The portion of the electromagnetic spectrum that spans from UV to near infrared (NIR) has wavelength-dependent effects on biomolecules and displays different tissue penetration capabilities, as a result of the distinct absorption properties that tissue constituents have.¹ As shown in Fig. 1 for skin, NIR light is the most appropriate for maximum tissue penetration² and for limiting photodamage. In fact, prolonged exposure to short-wavelength light (e.g. UVC-A) can seriously harm cells by inducing photochemical reactions. On the other hand, water absorption is predominant at wavelengths higher than 1000 nm, reducing the penetration of light and causing overheating of biological components.

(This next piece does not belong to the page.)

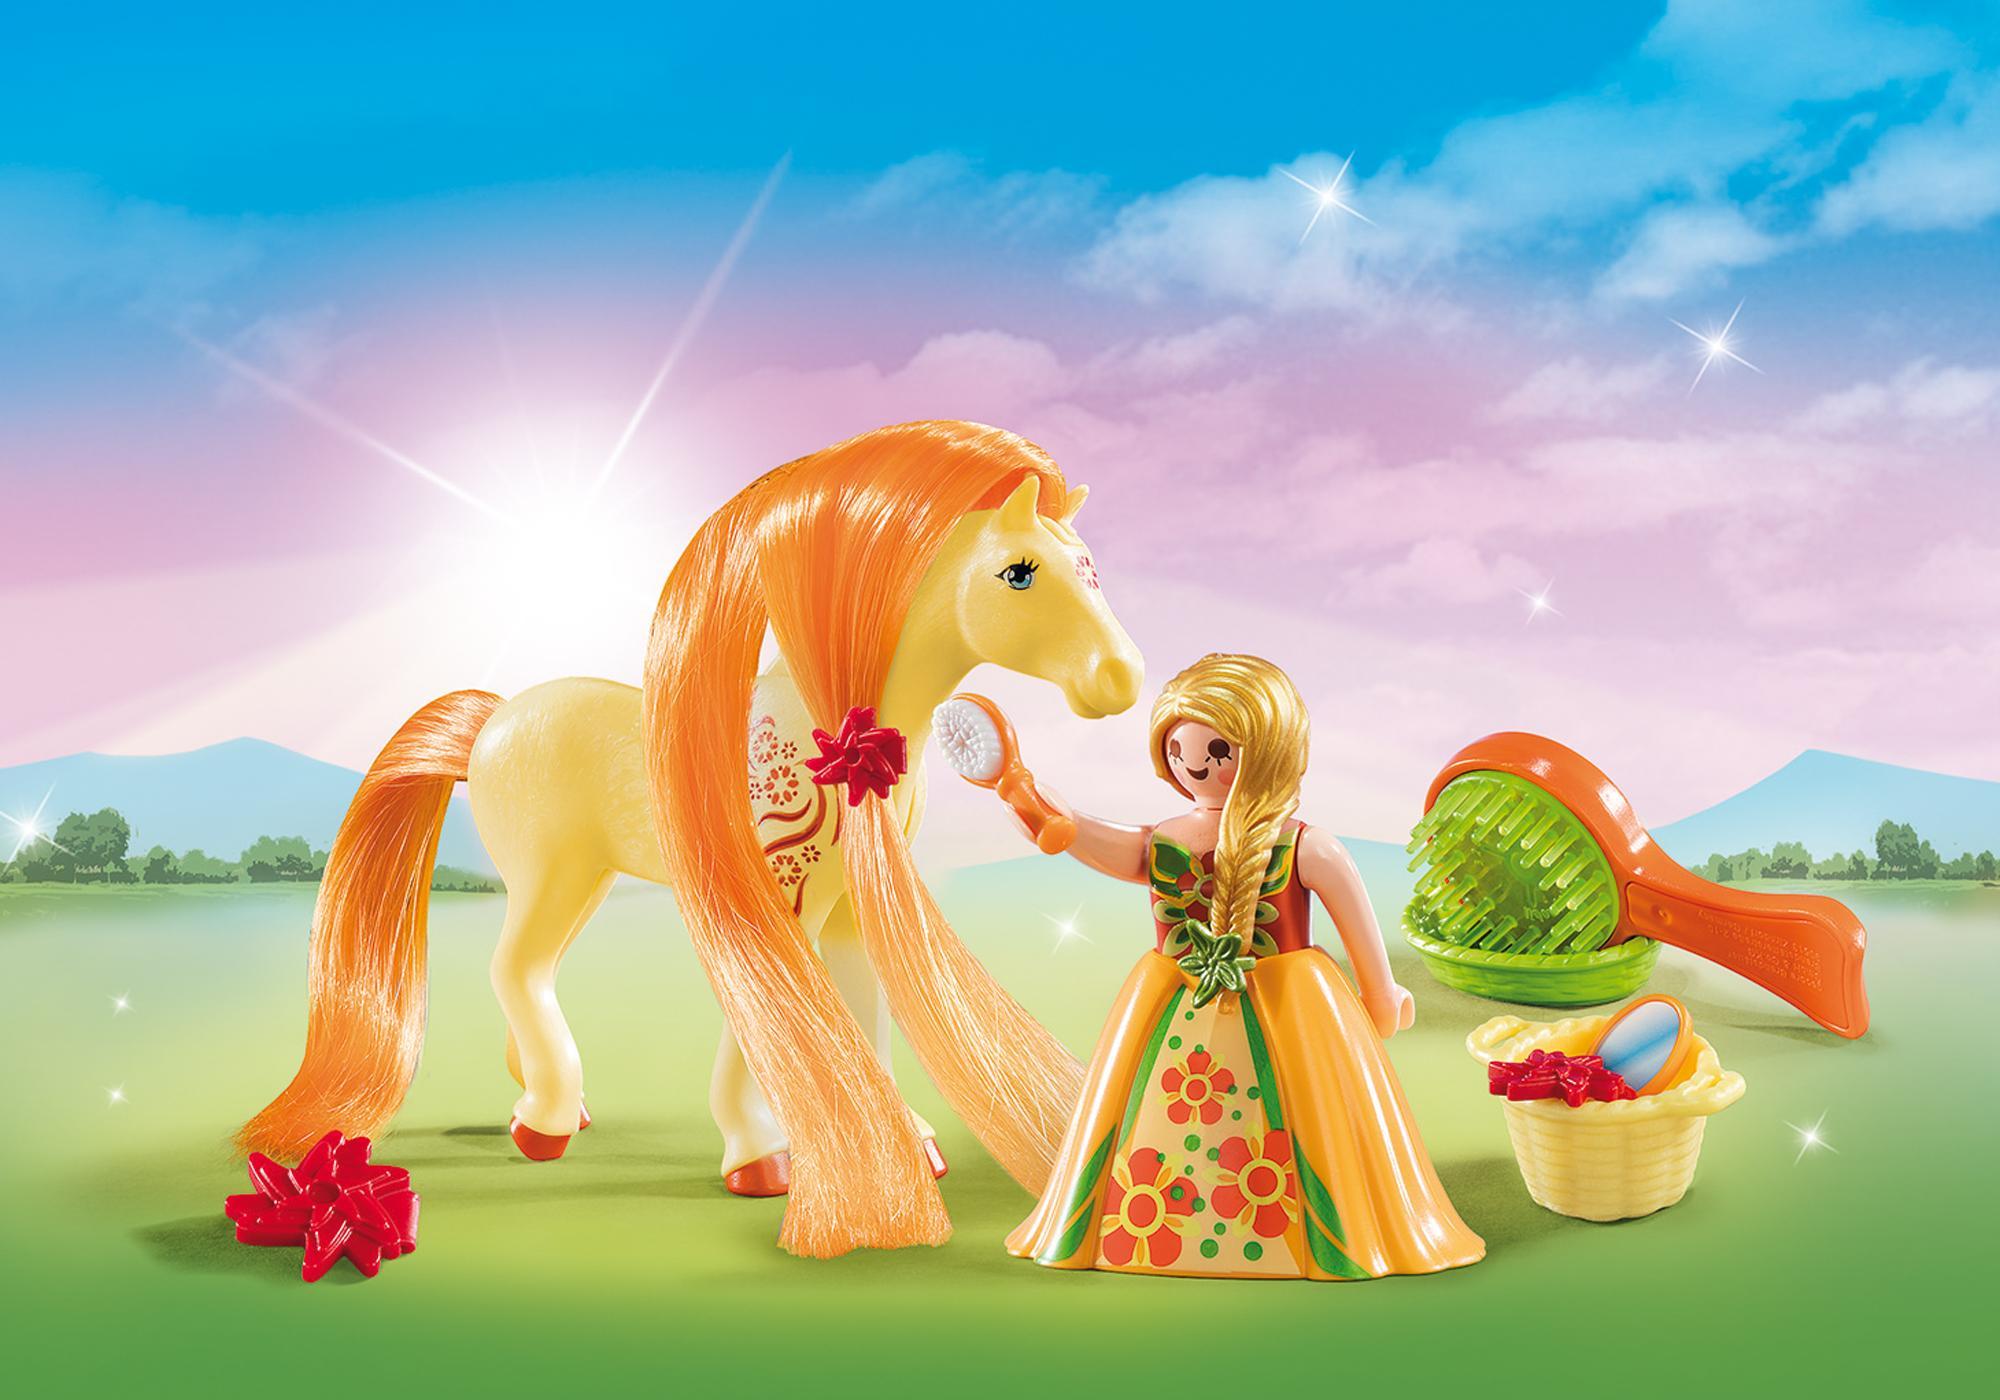 http://media.playmobil.com/i/playmobil/5656_product_detail/Maleta grande Princesa com Cavalo

Fig. 1 Penetration depth of light of different wavelengths in skin tissue. The image is adapted from ref. 1.

For this reason, the so-called “phototherapeutic window” is considered to be in the range 650–1000 nm. Light of approx. 800 nm is ideal for use in biological systems since it does minimize the excitation of biomolecules and water heating.¹

As well documented by several review articles,³ the success of photodynamic therapy (PDT)⁴ has prompted medicinal inorganic chemists to look at the unique photophysics and photochemistry of metal complexes and to devise new light-activatable prodrugs which improve the selectivity of metal-based anticancer agents. Various design concepts have been adopted in the development of photoactivatable metal complexes. Apart from their use as alternative PDT photosensitizers, metal-based prodrugs have also been designed to exert their antineoplastic action through mechanisms that are different from PDT, i.e. oxygen independent, such as for example DNA-photobinding or photouncaging of bioactive molecules. However, oxygen sensitization is often concurrent with photochemical transformation of the prodrug agent.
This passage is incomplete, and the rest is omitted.